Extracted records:

▶

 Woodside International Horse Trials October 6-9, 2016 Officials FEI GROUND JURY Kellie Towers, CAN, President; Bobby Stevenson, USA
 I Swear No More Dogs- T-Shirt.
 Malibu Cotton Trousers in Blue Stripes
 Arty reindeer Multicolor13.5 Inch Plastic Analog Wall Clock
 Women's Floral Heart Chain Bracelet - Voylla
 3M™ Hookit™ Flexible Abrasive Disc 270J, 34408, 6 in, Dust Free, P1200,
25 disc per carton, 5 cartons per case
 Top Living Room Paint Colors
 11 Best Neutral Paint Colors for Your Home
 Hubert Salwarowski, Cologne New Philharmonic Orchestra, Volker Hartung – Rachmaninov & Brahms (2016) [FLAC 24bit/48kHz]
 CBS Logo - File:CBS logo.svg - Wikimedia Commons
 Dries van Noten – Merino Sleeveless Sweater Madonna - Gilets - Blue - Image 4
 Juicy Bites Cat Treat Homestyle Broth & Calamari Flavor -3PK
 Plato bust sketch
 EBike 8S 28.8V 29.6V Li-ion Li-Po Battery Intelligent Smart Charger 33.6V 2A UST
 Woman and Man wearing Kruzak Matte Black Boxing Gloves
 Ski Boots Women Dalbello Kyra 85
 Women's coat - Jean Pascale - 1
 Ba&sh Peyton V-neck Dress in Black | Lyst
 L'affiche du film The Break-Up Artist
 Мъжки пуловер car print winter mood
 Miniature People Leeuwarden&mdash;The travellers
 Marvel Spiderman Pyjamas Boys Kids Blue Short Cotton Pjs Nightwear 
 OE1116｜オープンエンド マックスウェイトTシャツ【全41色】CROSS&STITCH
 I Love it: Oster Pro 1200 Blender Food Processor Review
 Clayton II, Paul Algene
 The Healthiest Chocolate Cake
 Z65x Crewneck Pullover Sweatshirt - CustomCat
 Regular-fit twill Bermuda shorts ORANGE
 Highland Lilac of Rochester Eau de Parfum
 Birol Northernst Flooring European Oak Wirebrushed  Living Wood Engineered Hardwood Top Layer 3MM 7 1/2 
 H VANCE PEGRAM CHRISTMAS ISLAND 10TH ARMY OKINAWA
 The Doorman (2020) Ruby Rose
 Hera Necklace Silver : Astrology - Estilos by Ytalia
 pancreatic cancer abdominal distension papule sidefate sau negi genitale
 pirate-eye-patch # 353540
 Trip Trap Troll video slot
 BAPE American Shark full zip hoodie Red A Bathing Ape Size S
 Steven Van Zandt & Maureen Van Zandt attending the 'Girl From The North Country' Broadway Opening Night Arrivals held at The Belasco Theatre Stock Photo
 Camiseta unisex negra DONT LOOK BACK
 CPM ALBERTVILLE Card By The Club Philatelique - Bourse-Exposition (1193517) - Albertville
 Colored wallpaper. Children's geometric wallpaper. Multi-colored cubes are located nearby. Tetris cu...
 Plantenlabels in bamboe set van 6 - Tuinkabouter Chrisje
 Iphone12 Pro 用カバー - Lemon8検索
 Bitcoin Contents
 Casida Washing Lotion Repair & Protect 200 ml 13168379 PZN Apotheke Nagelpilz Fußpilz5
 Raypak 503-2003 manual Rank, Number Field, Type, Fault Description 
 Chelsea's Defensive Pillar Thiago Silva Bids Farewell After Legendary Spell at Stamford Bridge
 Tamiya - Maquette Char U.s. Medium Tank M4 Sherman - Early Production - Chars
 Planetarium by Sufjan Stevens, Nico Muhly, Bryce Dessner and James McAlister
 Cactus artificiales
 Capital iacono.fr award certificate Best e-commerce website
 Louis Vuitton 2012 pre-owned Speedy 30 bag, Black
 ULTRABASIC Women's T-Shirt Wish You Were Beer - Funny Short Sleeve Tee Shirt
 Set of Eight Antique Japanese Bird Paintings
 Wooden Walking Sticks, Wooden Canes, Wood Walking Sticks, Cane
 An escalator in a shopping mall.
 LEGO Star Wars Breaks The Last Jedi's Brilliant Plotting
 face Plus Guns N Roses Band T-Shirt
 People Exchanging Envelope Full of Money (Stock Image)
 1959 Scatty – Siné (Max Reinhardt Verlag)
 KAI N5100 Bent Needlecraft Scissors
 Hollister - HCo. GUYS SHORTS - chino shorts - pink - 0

◀

#### [WHAT YOU SHOULD DO]
Starting with the line with "Raypak 503-2003 manual" above and going on through the line with "Set of Eight Antique Japanese Bird Paintings", transcribe every line exactly, both ends included, and add nothing.

#### [RESPONSE FOR THIS EXERCISE]
 Raypak 503-2003 manual Rank, Number Field, Type, Fault Description 
 Chelsea's Defensive Pillar Thiago Silva Bids Farewell After Legendary Spell at Stamford Bridge
 Tamiya - Maquette Char U.s. Medium Tank M4 Sherman - Early Production - Chars
 Planetarium by Sufjan Stevens, Nico Muhly, Bryce Dessner and James McAlister
 Cactus artificiales
 Capital iacono.fr award certificate Best e-commerce website
 Louis Vuitton 2012 pre-owned Speedy 30 bag, Black
 ULTRABASIC Women's T-Shirt Wish You Were Beer - Funny Short Sleeve Tee Shirt
 Set of Eight Antique Japanese Bird Paintings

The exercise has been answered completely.